DATA TO PROCESS:
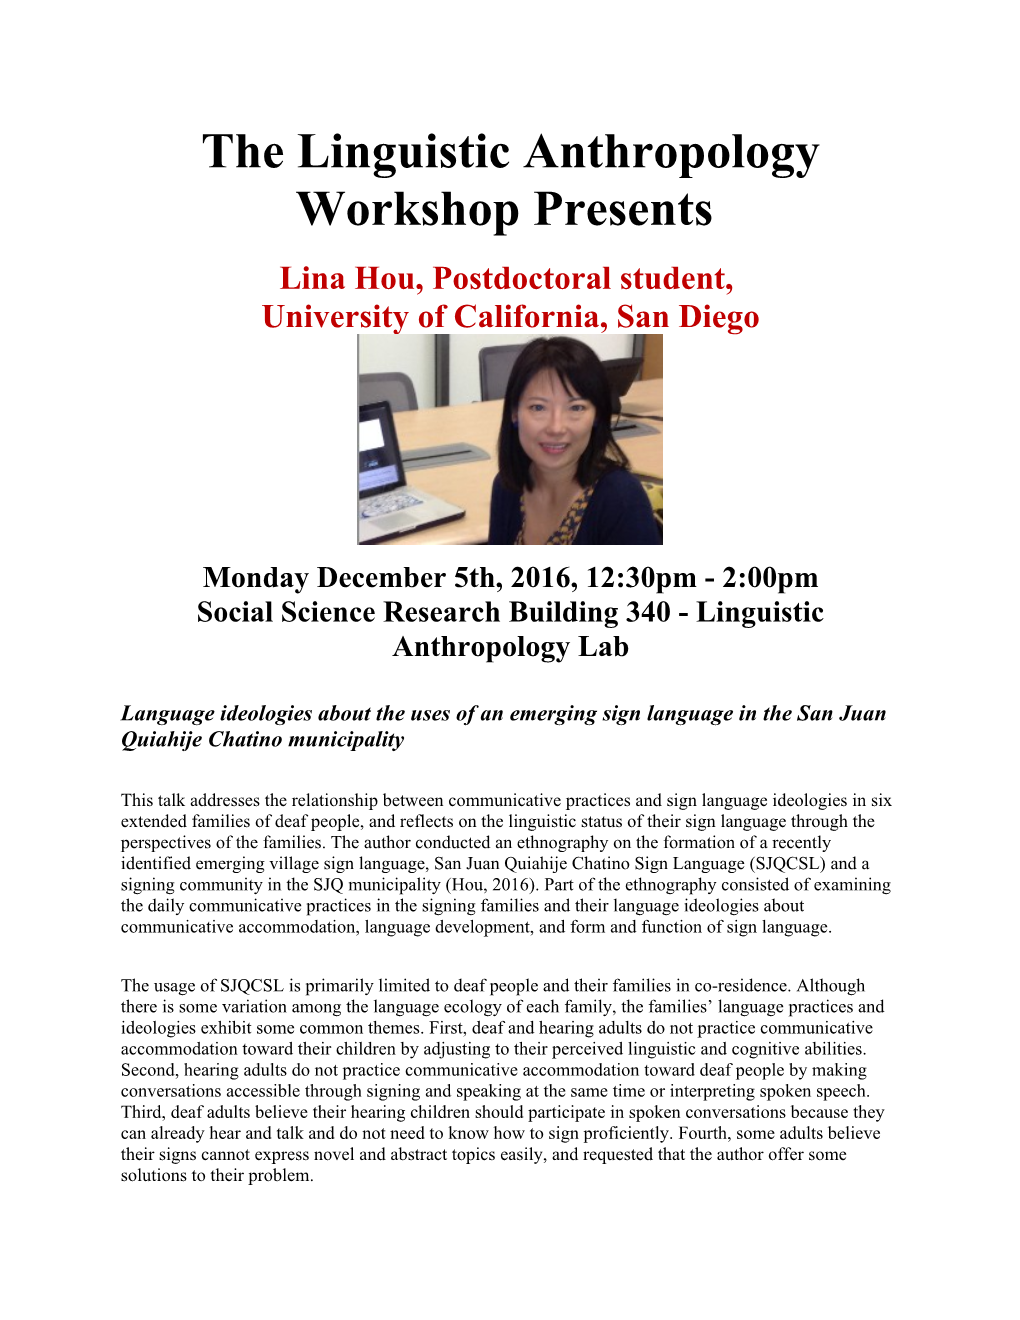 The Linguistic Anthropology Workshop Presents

...

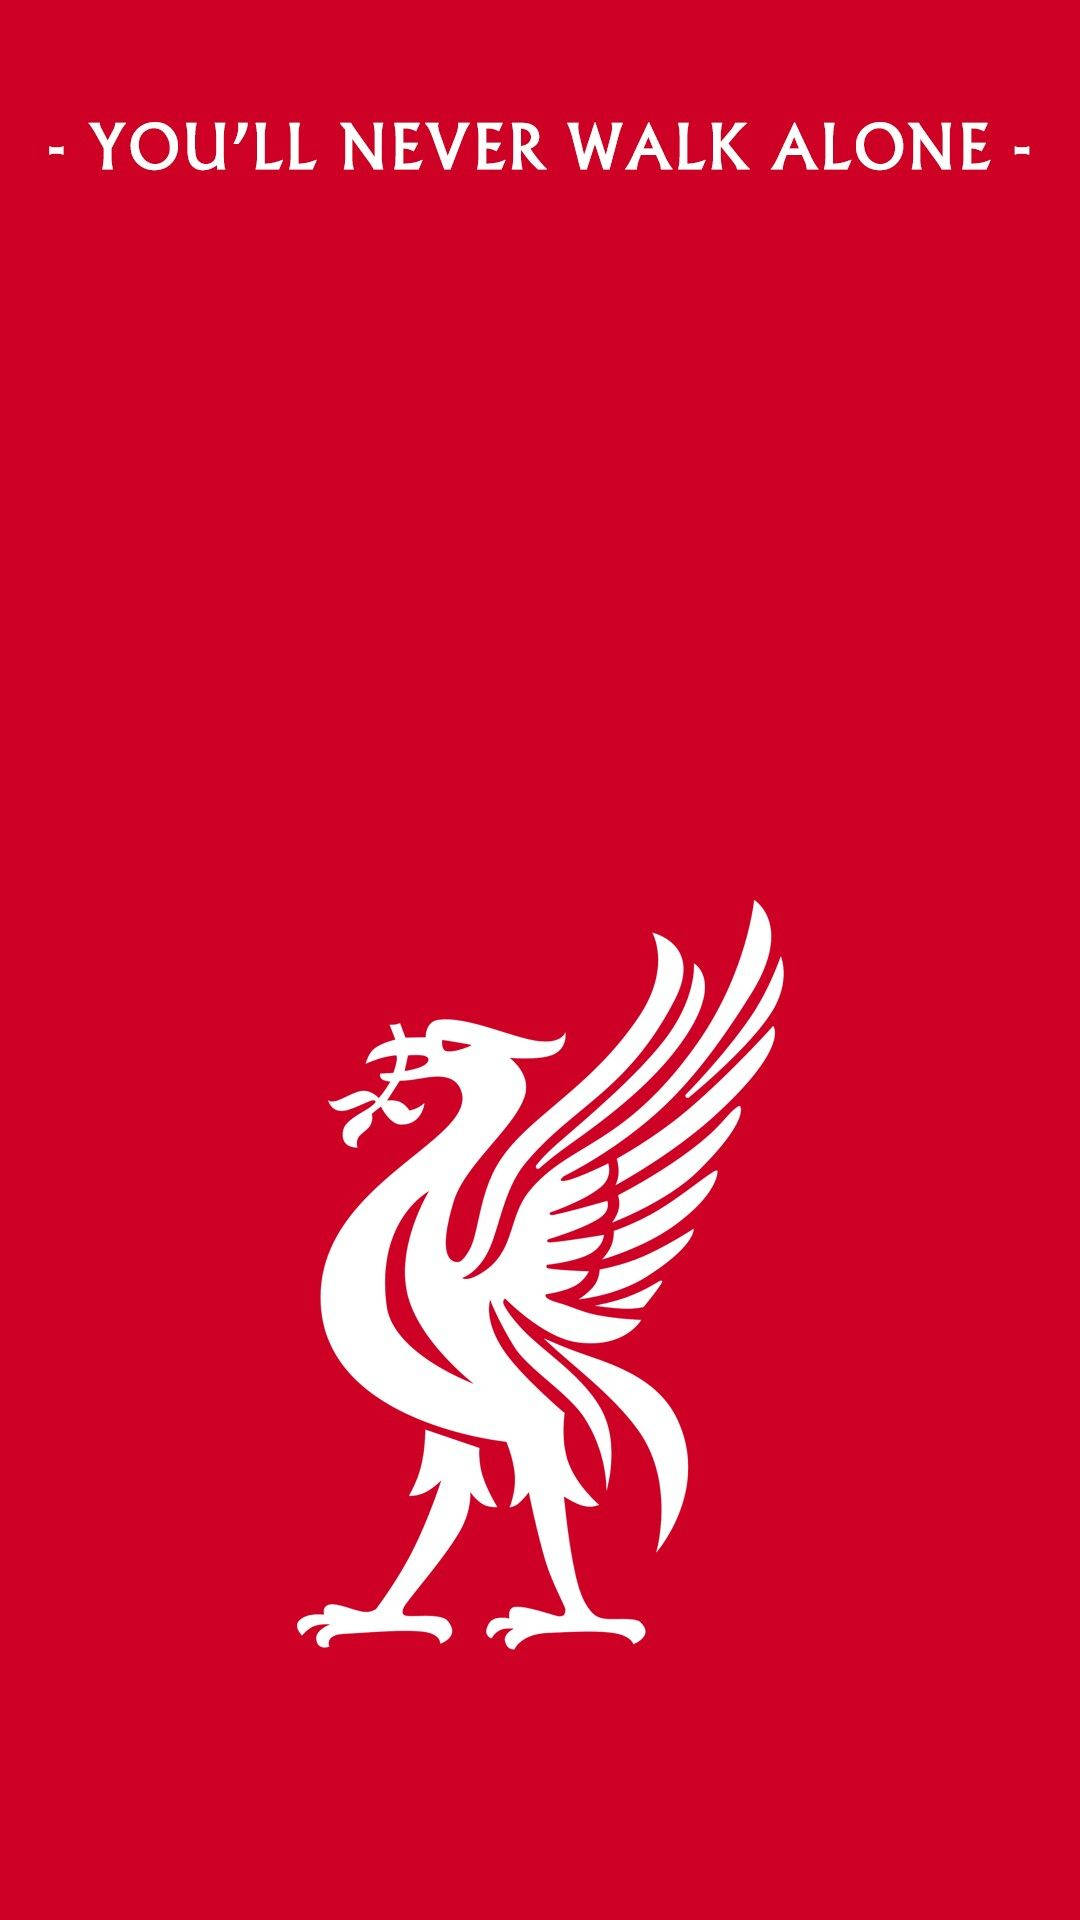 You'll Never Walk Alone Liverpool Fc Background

...

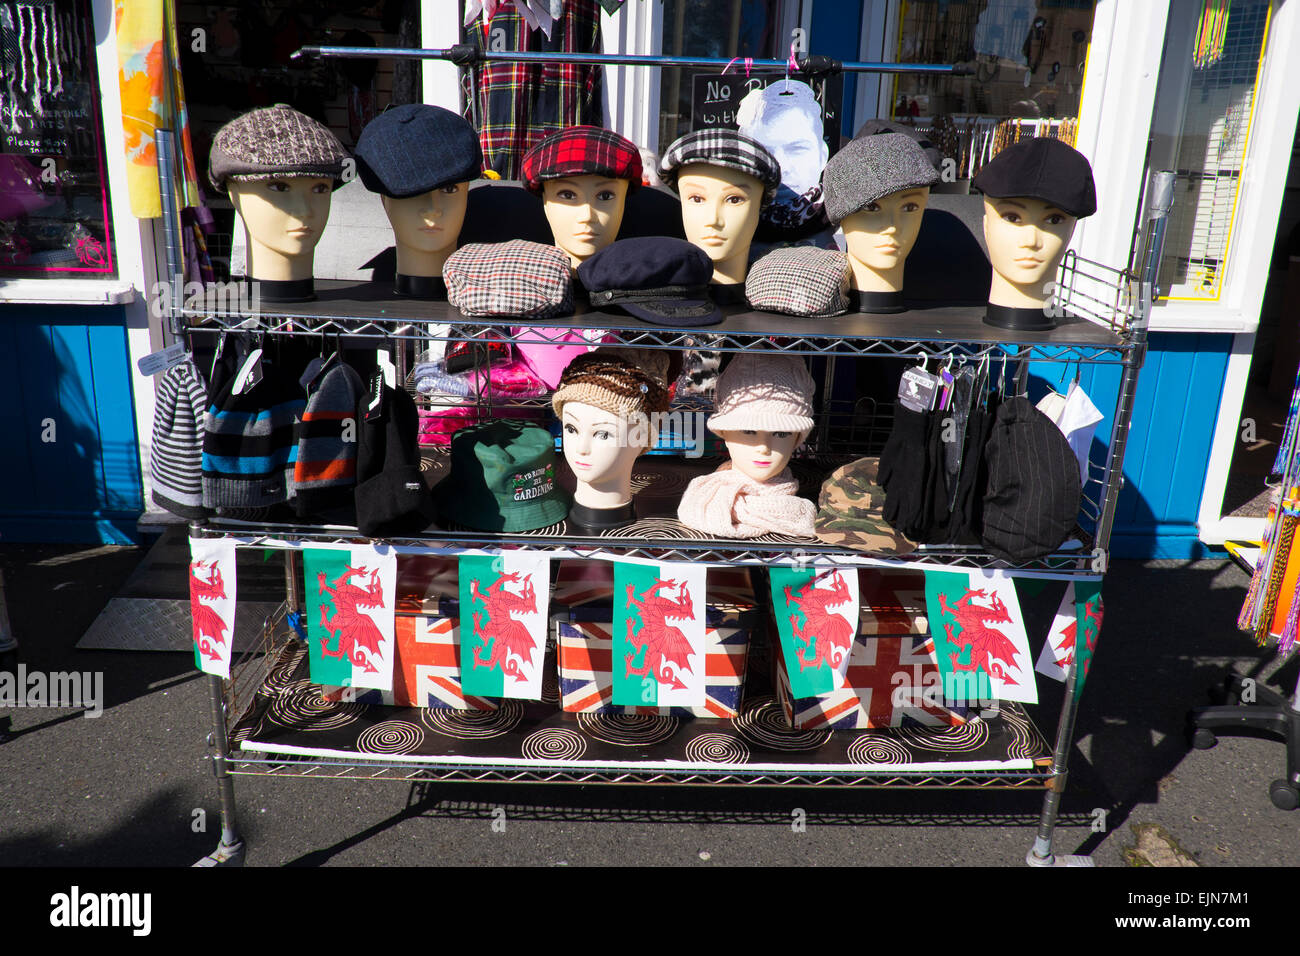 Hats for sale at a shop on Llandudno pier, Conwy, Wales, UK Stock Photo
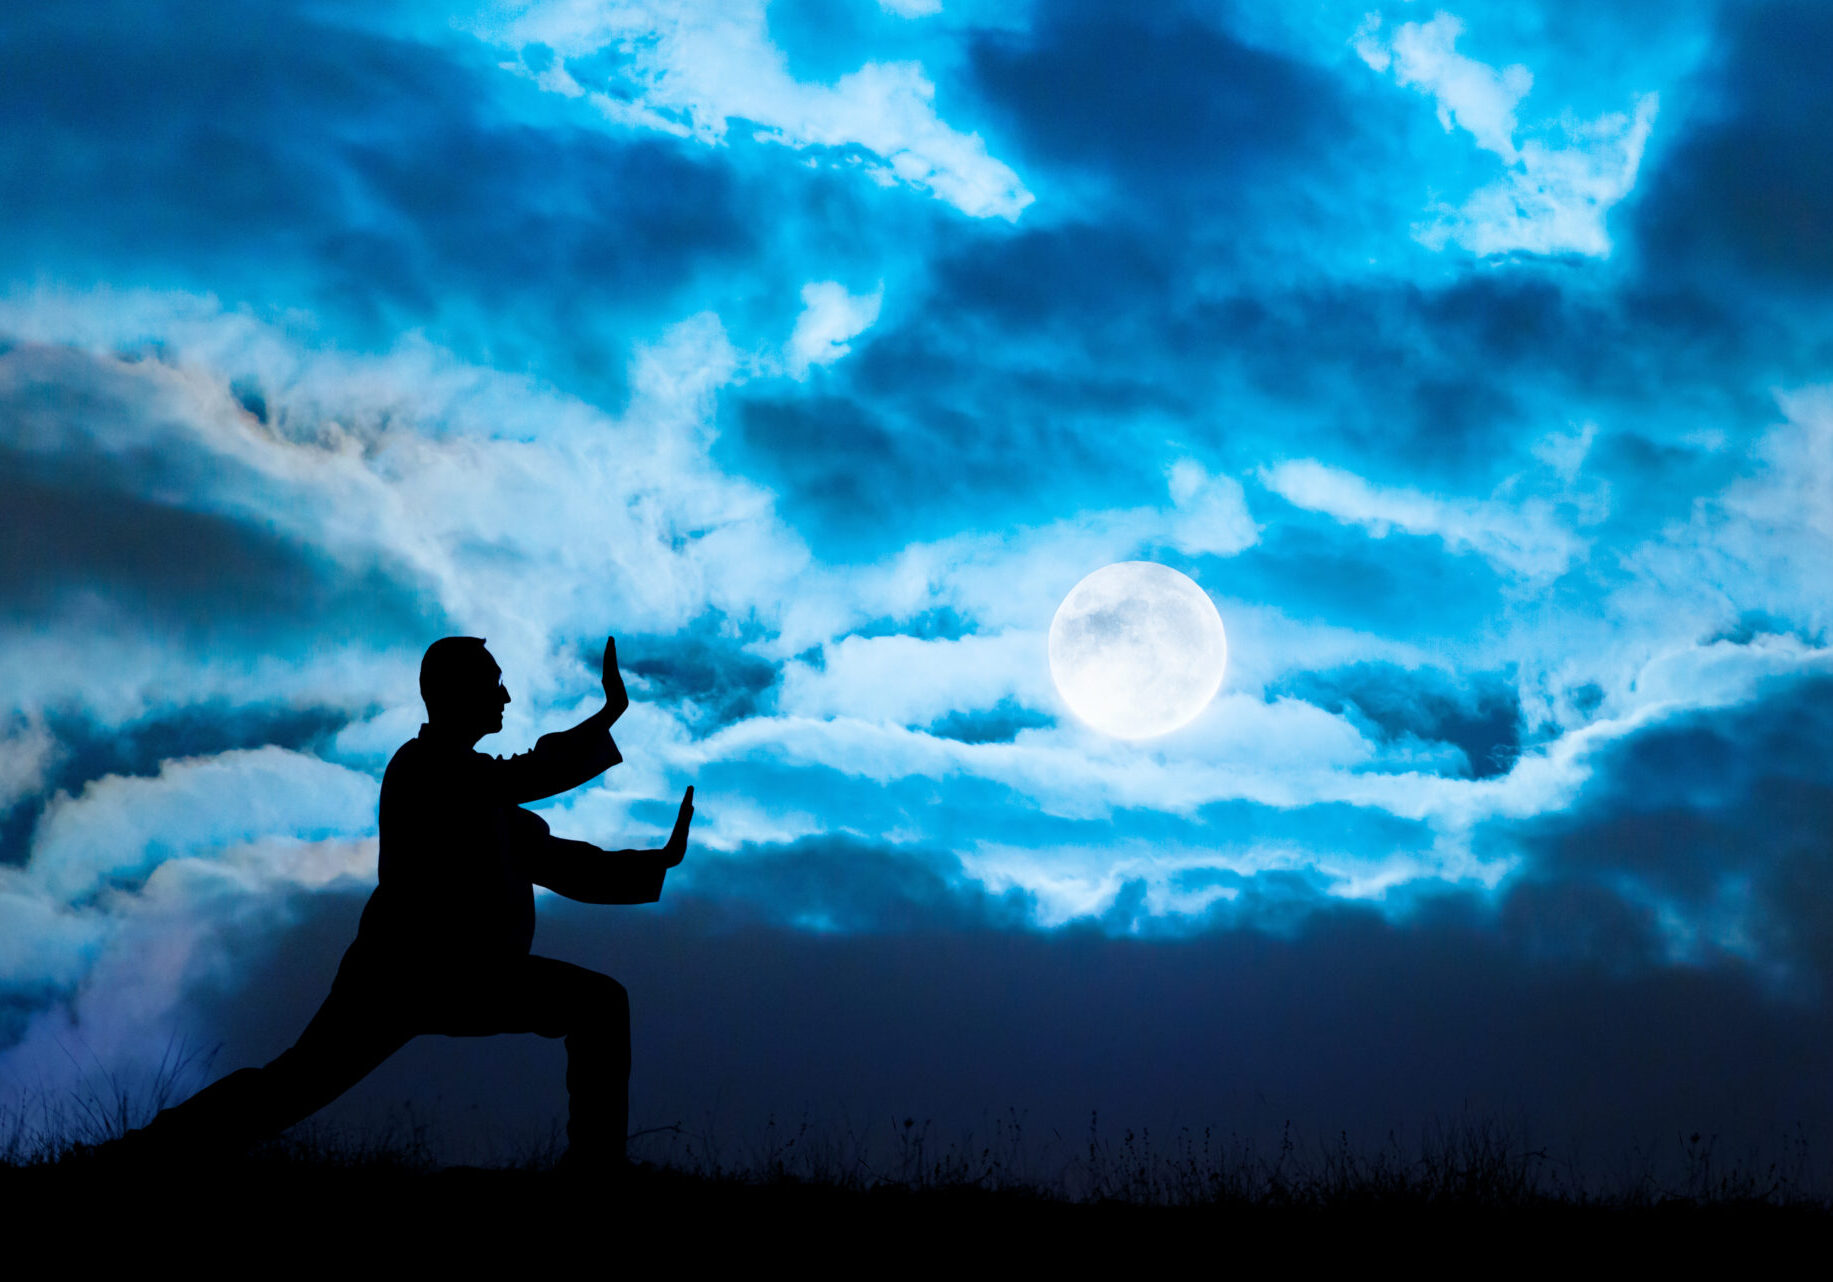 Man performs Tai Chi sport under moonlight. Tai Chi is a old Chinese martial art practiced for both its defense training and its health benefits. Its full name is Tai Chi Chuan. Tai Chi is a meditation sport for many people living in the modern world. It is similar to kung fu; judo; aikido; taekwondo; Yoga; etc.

WORK REQUIRED:
How would the lines above read from the one with "Hats for sale" to the one with "Man performs Tai", inclusive, with no pictures? Write them out exactly.

WORKED SOLUTION:
 Hats for sale at a shop on Llandudno pier, Conwy, Wales, UK Stock Photo
 Man performs Tai Chi sport under moonlight. Tai Chi is a old Chinese martial art practiced for both its defense training and its health benefits. Its full name is Tai Chi Chuan. Tai Chi is a meditation sport for many people living in the modern world. It is similar to kung fu; judo; aikido; taekwondo; Yoga; etc.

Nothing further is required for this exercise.